Now we see how this completes the circle back to Matthew 19:26:
- The rich man tried to do good apart from God.
- Jesus revealed that with God, the impossible becomes possible.
- John 15 reveals how that happens — by abiding in Christ, who is God with us.
So, when Jesus says “with God,” He isn’t pointing upward — He’s pointing to Himself. He is the “God-with-us” (Emmanuel), the fulfillment of Micah’s invitation to “walk with your God,” and the living Vine through whom divine life flows into human hearts.

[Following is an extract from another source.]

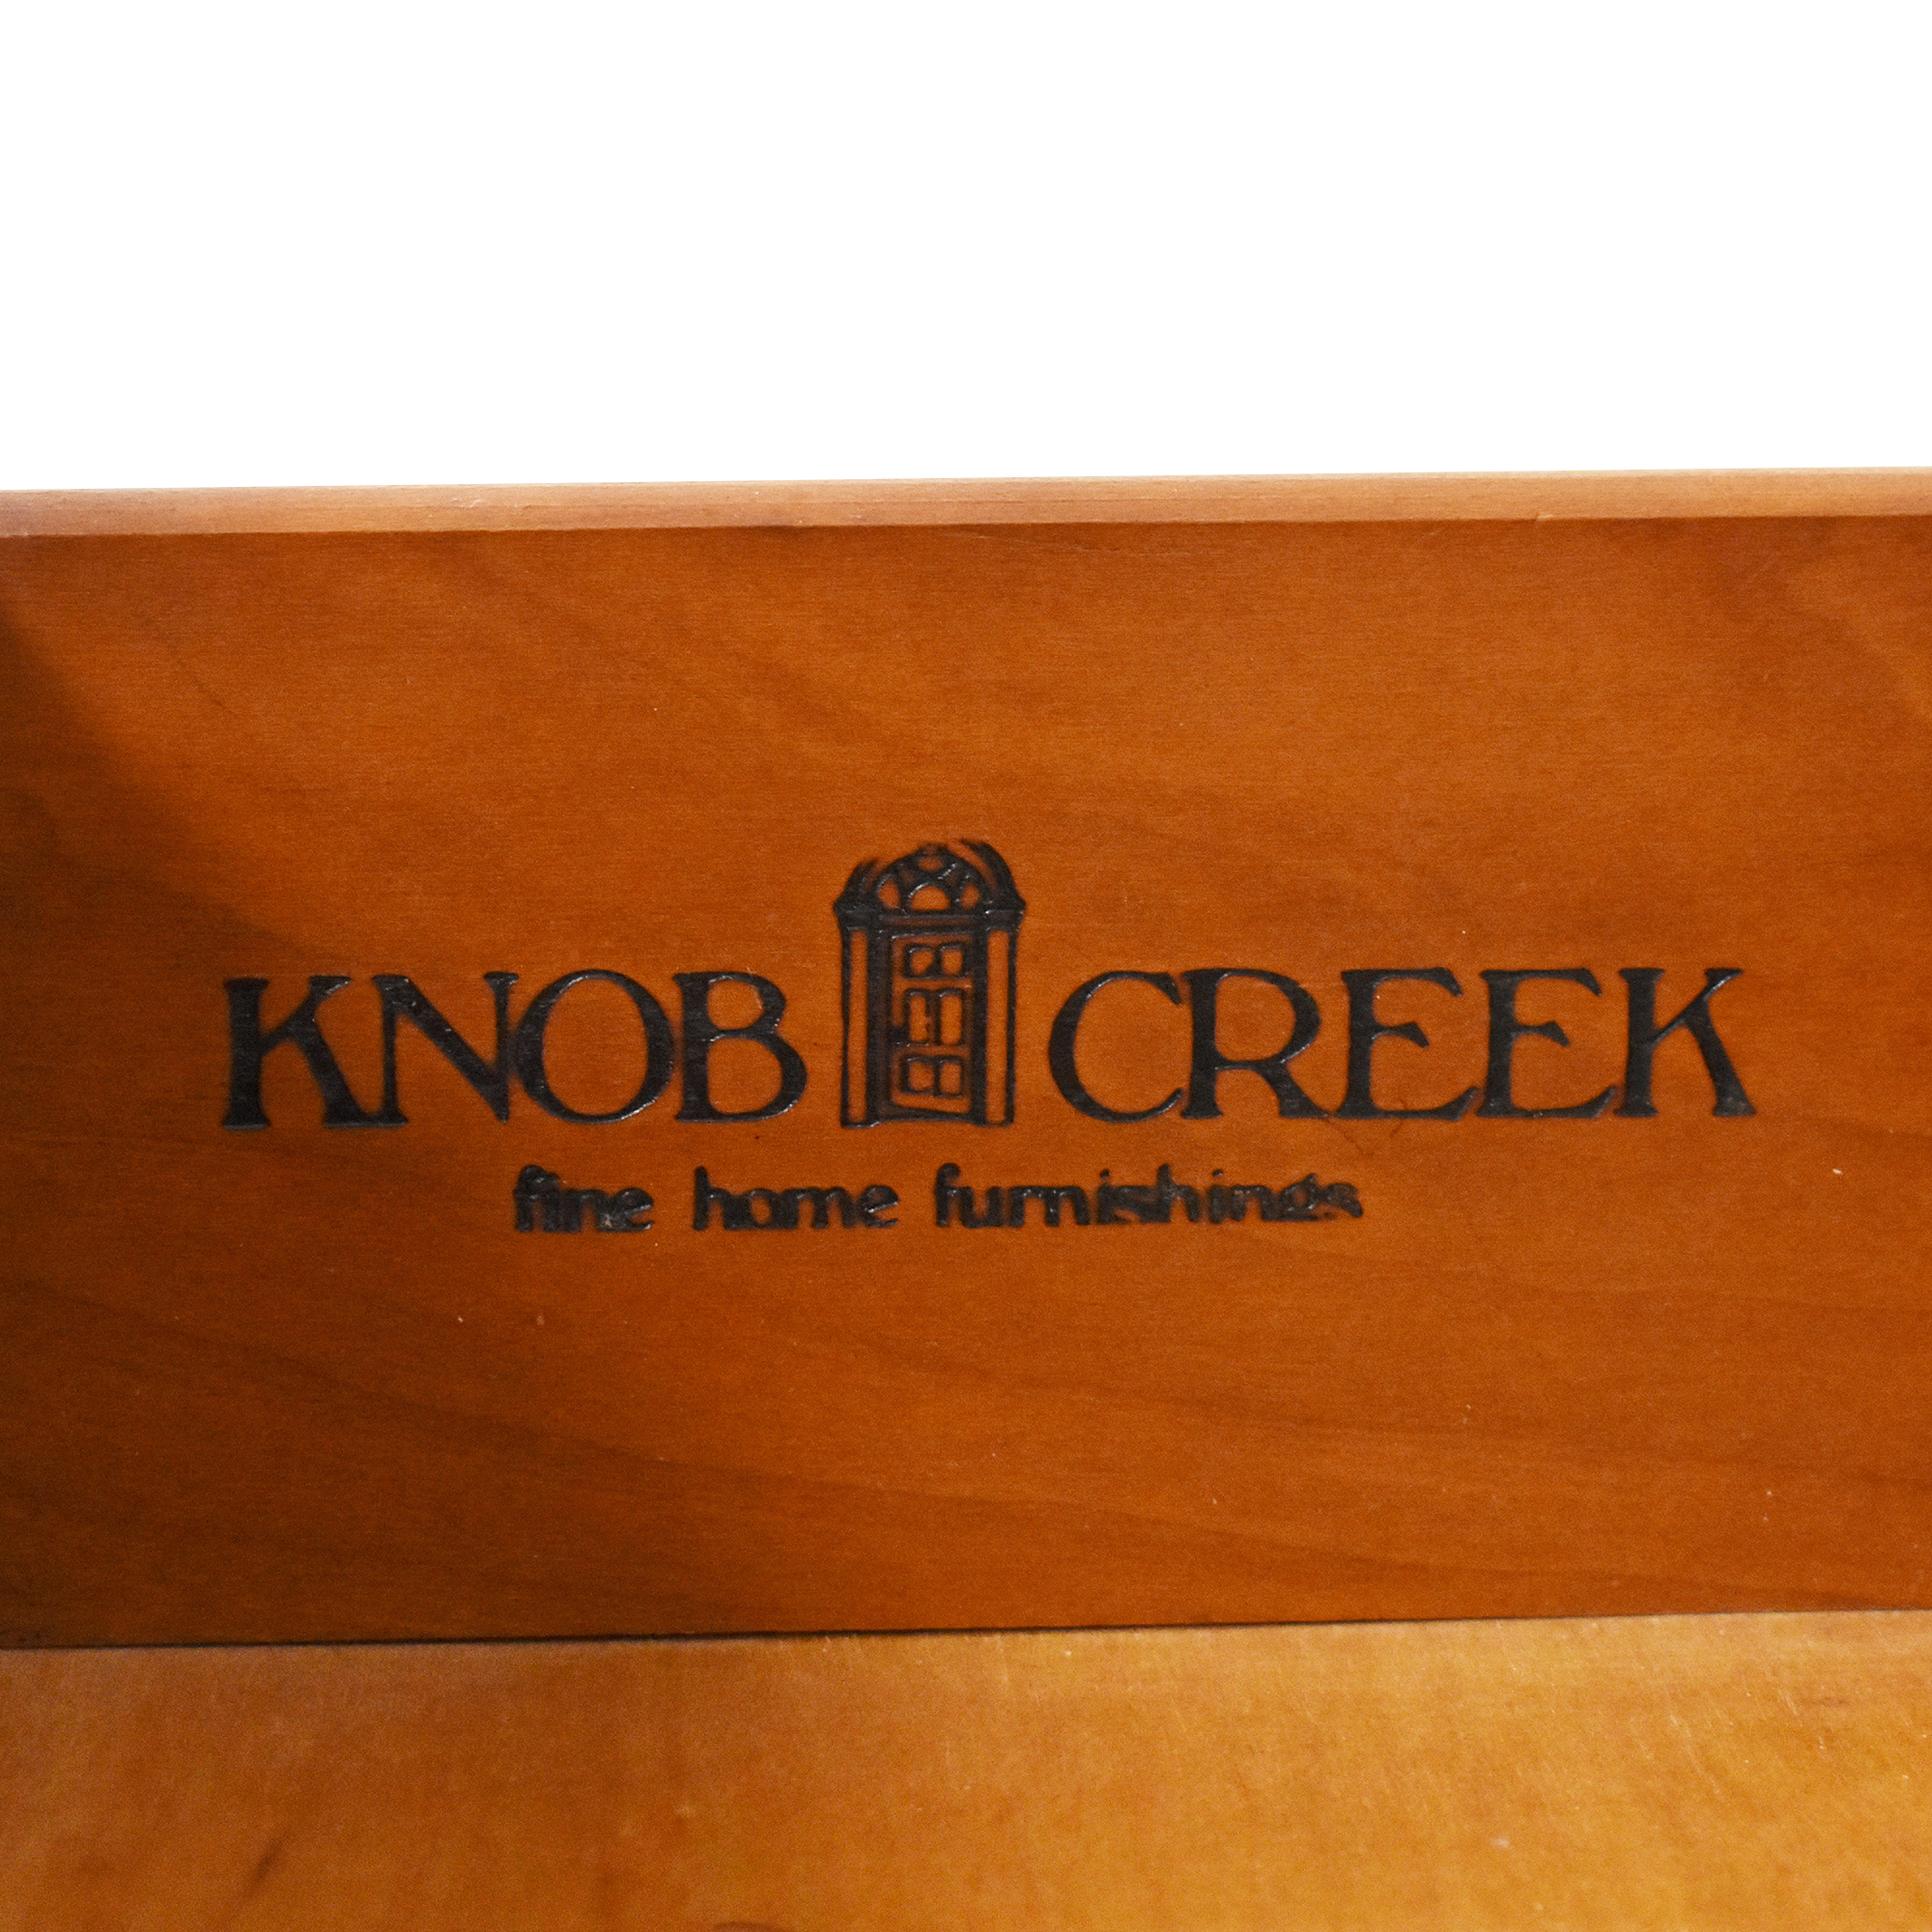 Knob Creek Two Drawer Nightstands Knob Creek

💧 4. The Power of Withness
Let’s trace it simply:
| Passage | Phrase | Meaning |
|---|---|---|
| Micah 6:8 | “Walk humbly with your God.” | Covenant life of companionship and humility. |
| Matthew 19:26 | “With God all things are possible.” | Restoration of divine-human cooperation through grace. |
| John 15:5 | “Without Me you can do nothing.” | Life only flourishes in continual communion with Christ. |
In every age, the invitation is the same: 👉 Walk with Me.
It’s the heartbeat of the Gospel and the secret of true fruitfulness.
✝️ 5. Jesus as the “With” of God
Jesus is God’s “With.”
He is Emmanuel — “God with us.”
He bridges the separation between the Holy One and humanity.
So when He says “Remain in Me,” He is not offering moral advice — He’s restoring the relationship that makes morality even possible.
He is saying:
“Be in fellowship with Me as I am with the Father.
Let My life flow through you — and you will bear the fruit of divine love.”
🌾 6. Walking With the Giver
To walk with God is to reflect His nature.
To abide in the Vine is to bear the fruit of that Vine — love, mercy, justice, generosity, patience.
When we hoard, we act “without Him.” When we give, we move “with Him,” and the impossible (eternal life, transformed hearts, true peace) becomes possible.
🕊 Summary
- Micah 6:8 — God’s call: Walk with Me.
- Matthew 19:26 — Our incapacity: Without Me, it’s impossible.
- John 15:5 — The solution: Abide in Me; live with Me always.
Everything in Scripture — law, prophets, Gospel, and new covenant — converges in this one truth:
Life with God is not just possible — it’s the only life that truly exists.